Exercise directions: Write out again the lines from the line with "Gâteau D Anniversaire" up to and including the line with "Camerette complete neonati armadio", exactly as they stand below, and skip any picture.

Data extracts:
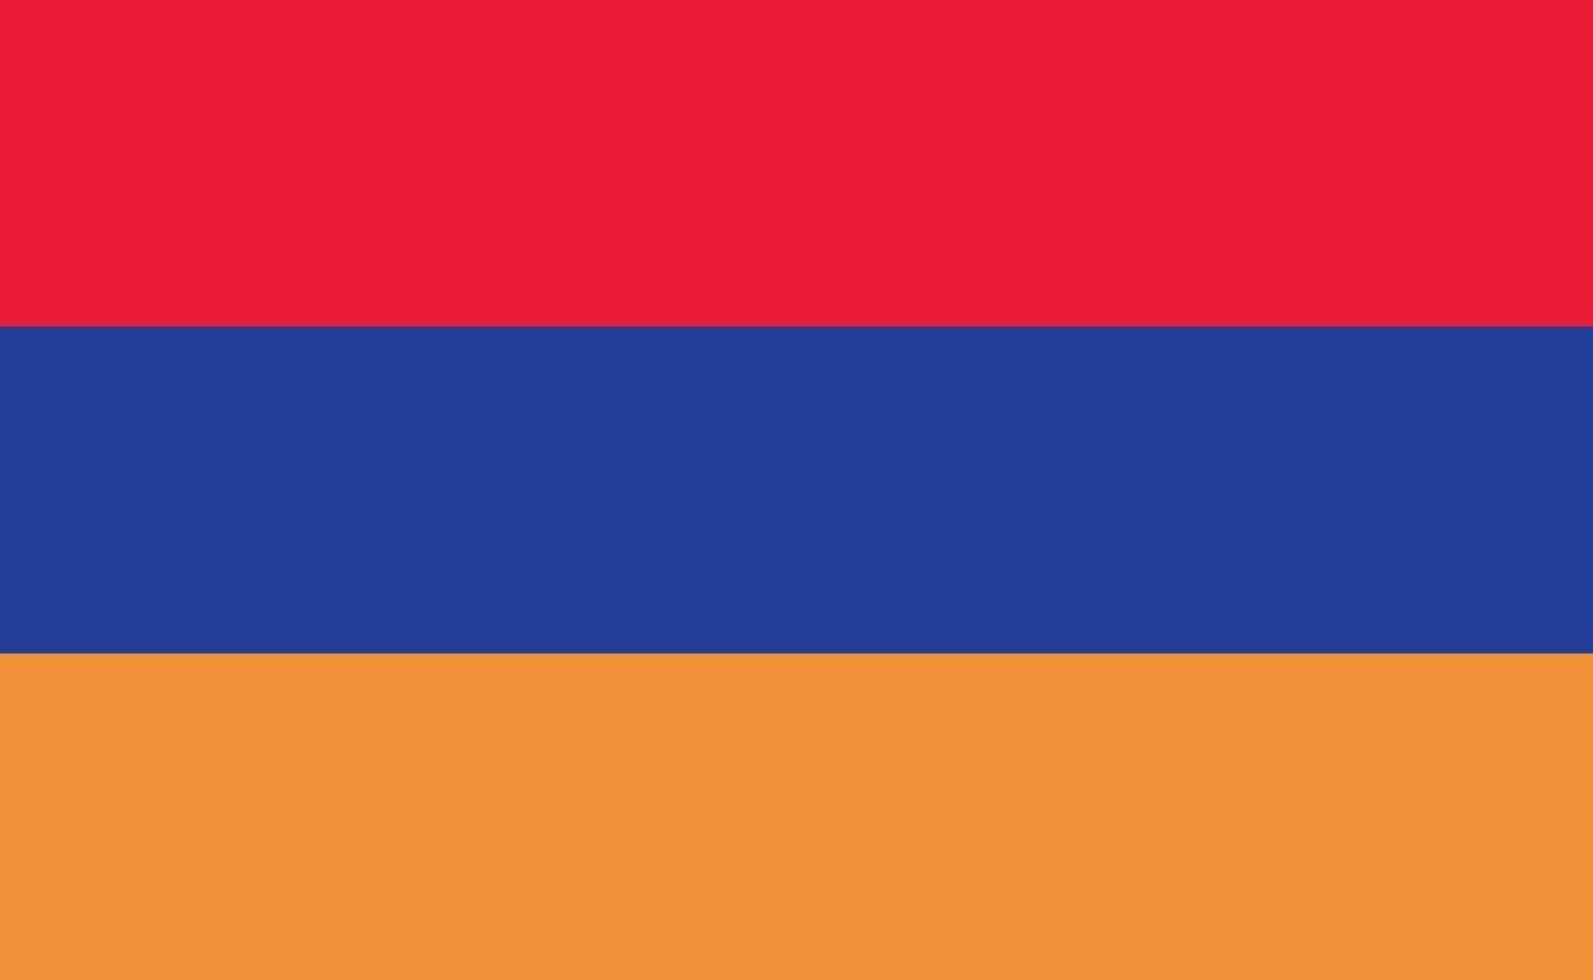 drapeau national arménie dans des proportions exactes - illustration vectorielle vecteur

---

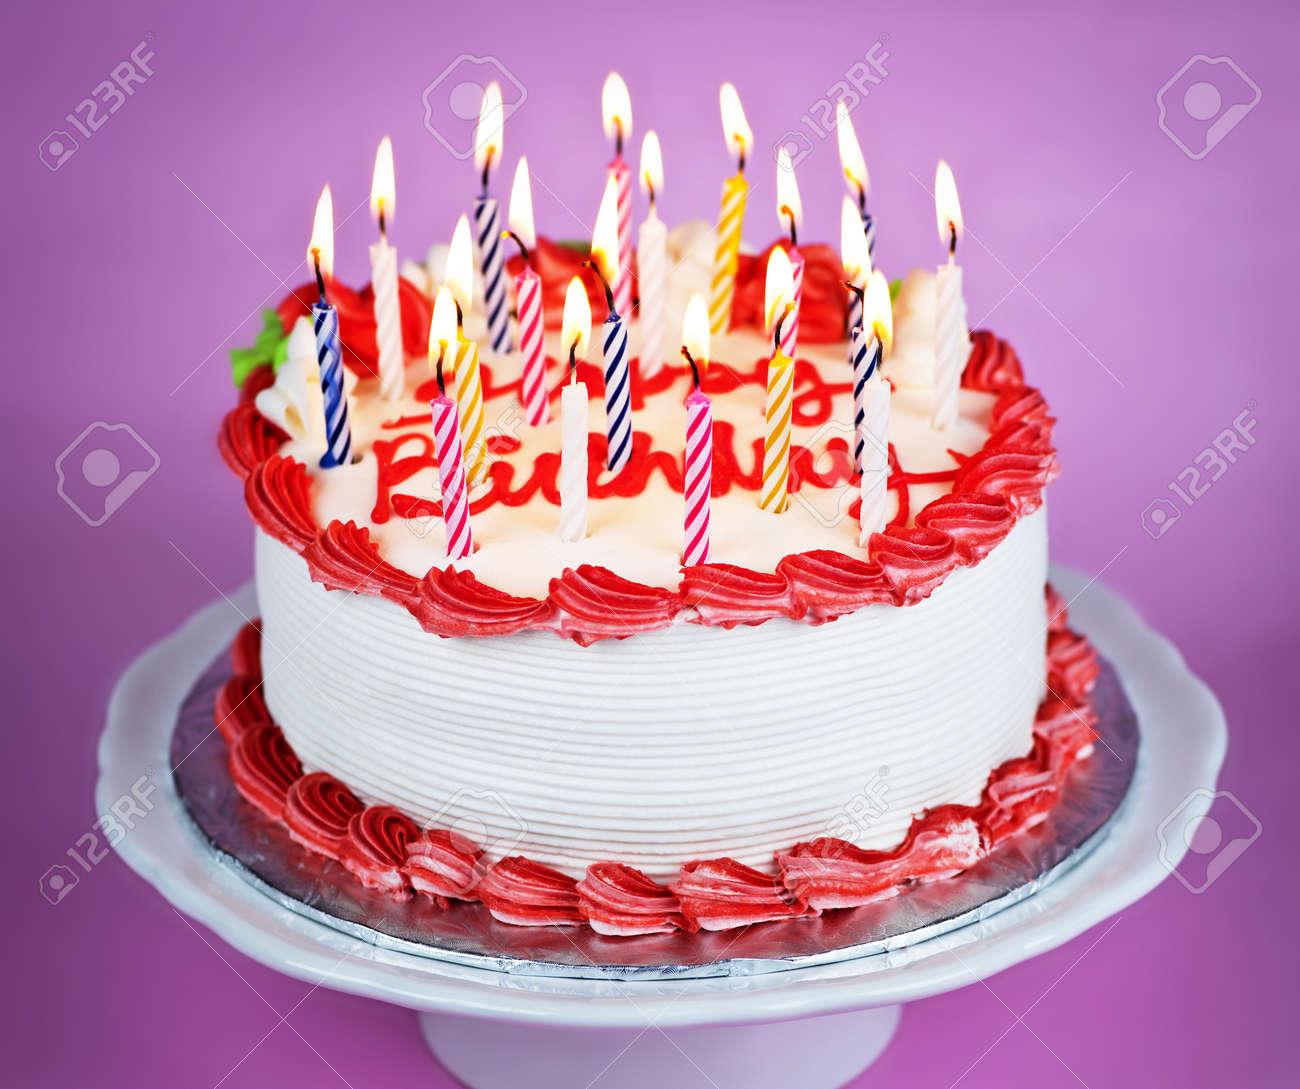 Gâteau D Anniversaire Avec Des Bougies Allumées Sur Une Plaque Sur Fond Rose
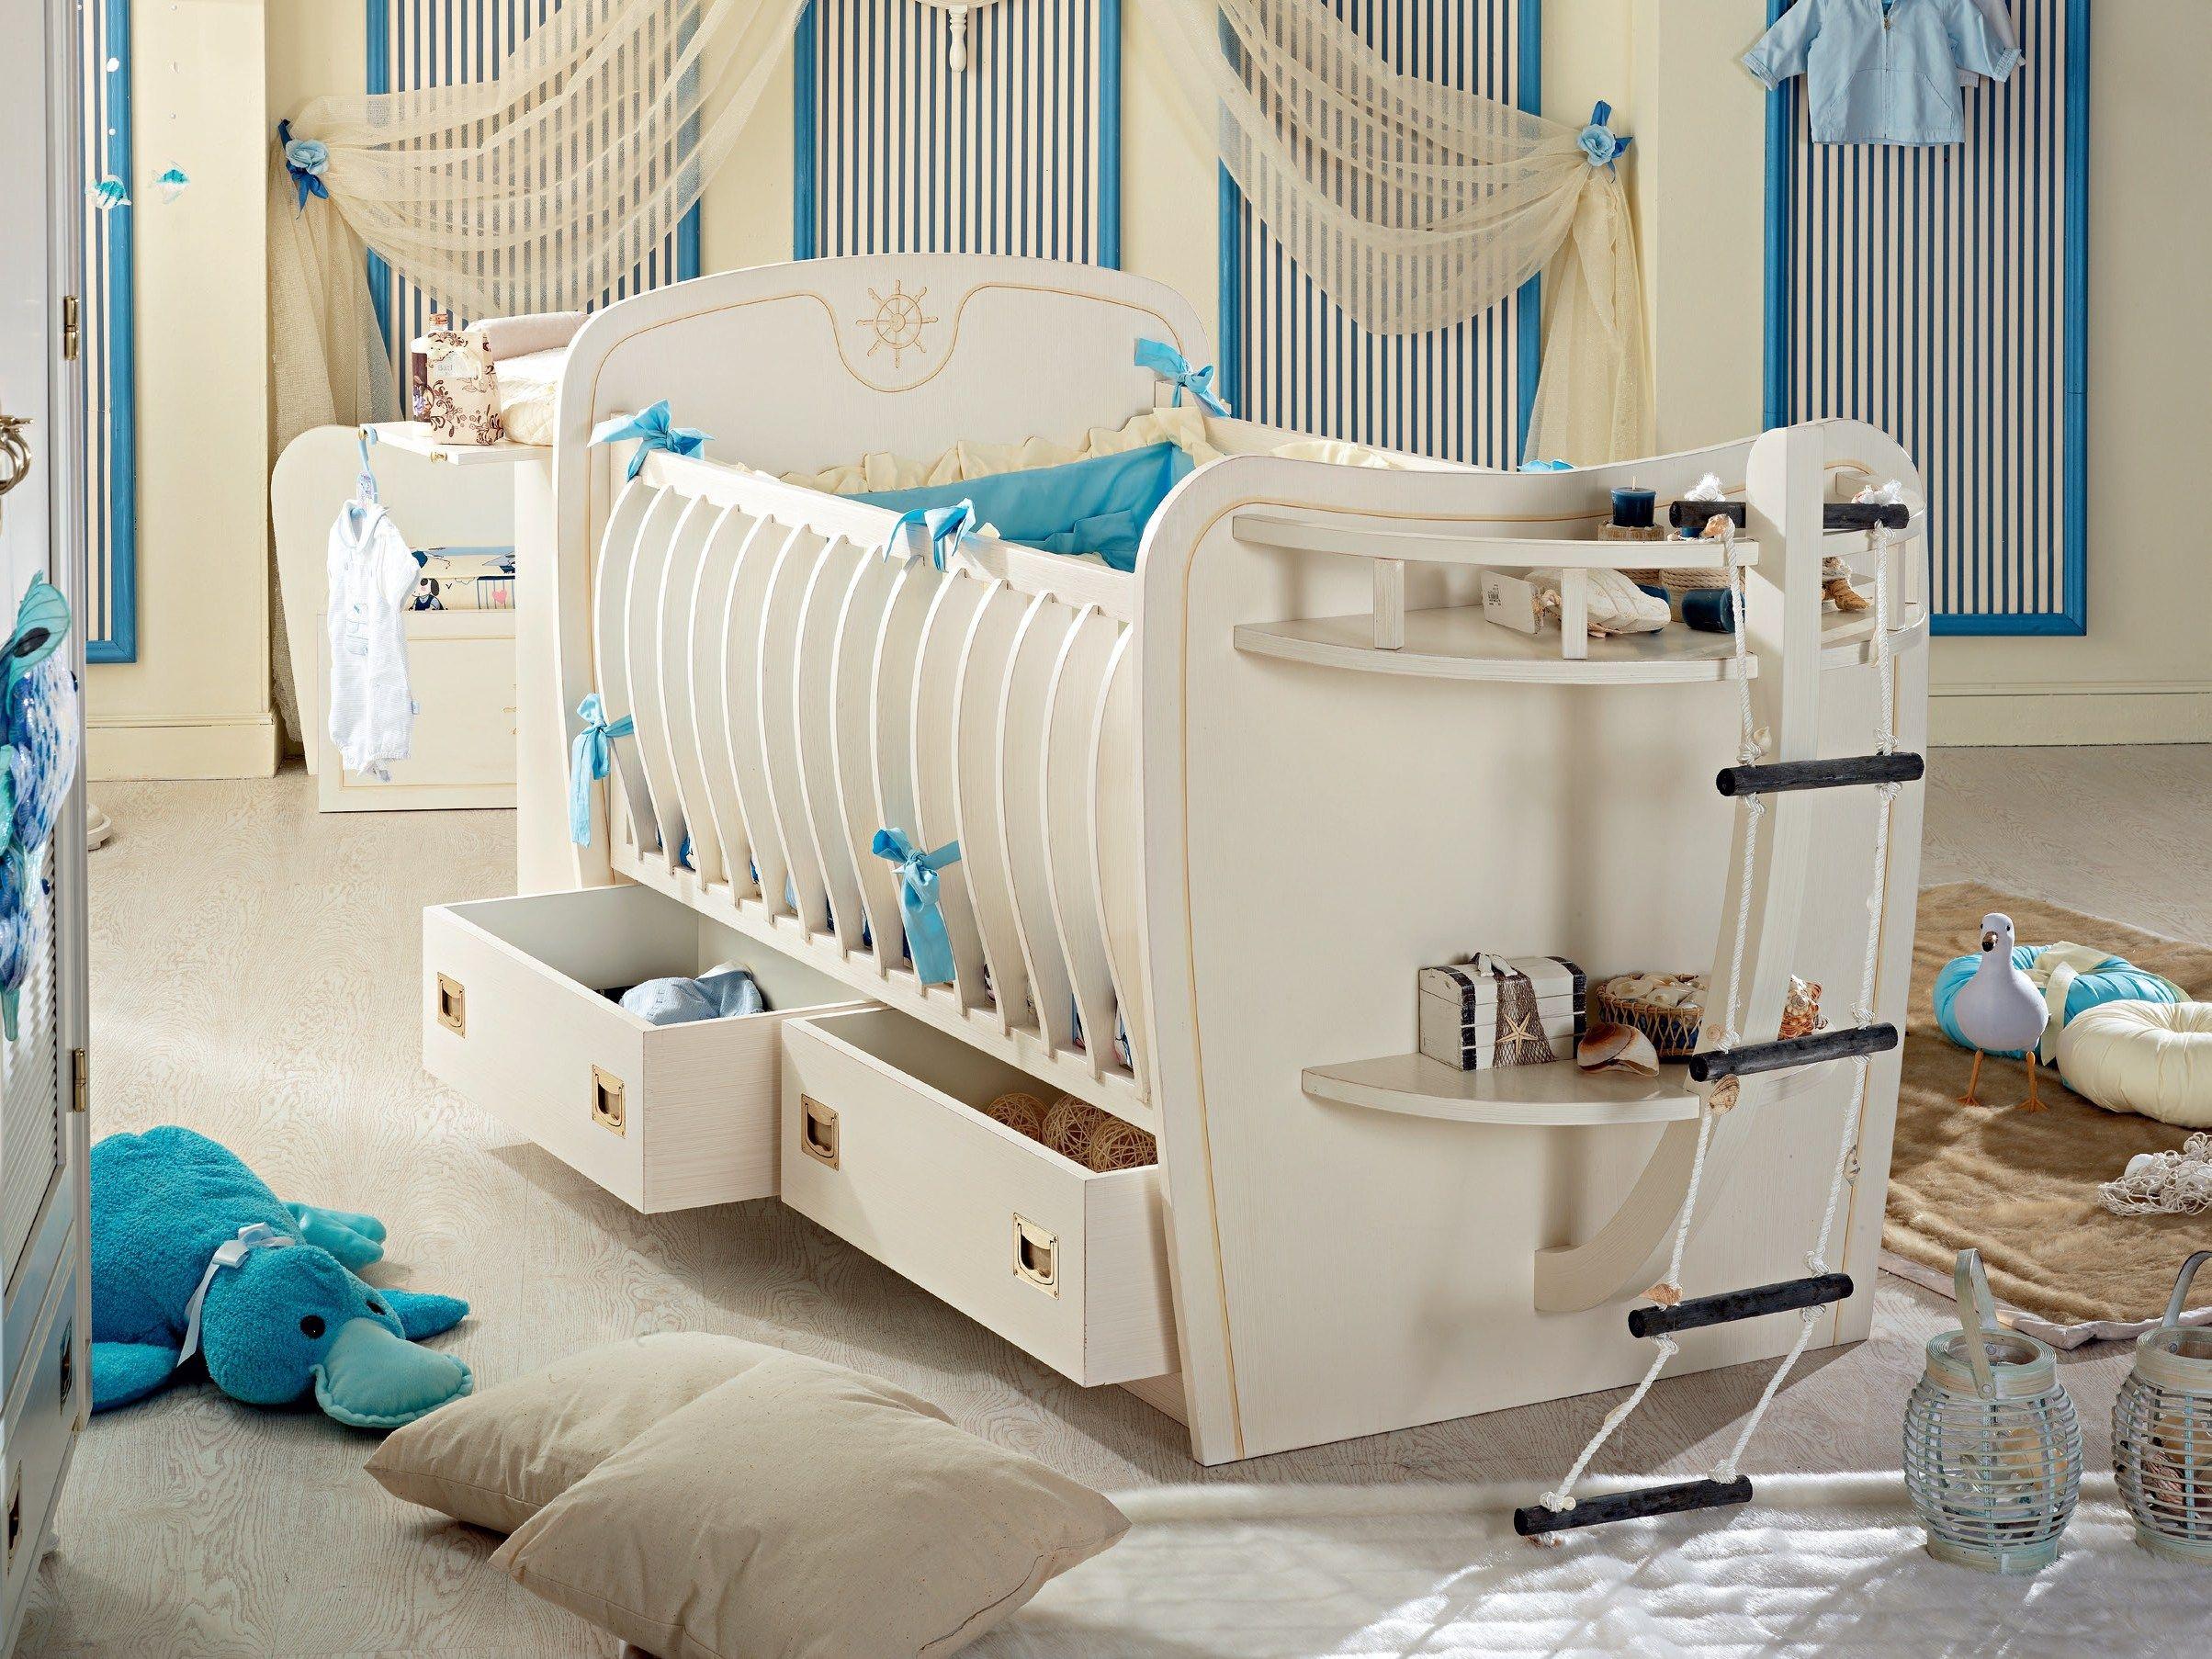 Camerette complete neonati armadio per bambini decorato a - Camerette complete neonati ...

Reply:
 Gâteau D Anniversaire Avec Des Bougies Allumées Sur Une Plaque Sur Fond Rose
 Camerette complete neonati armadio per bambini decorato a - Camerette complete neonati ...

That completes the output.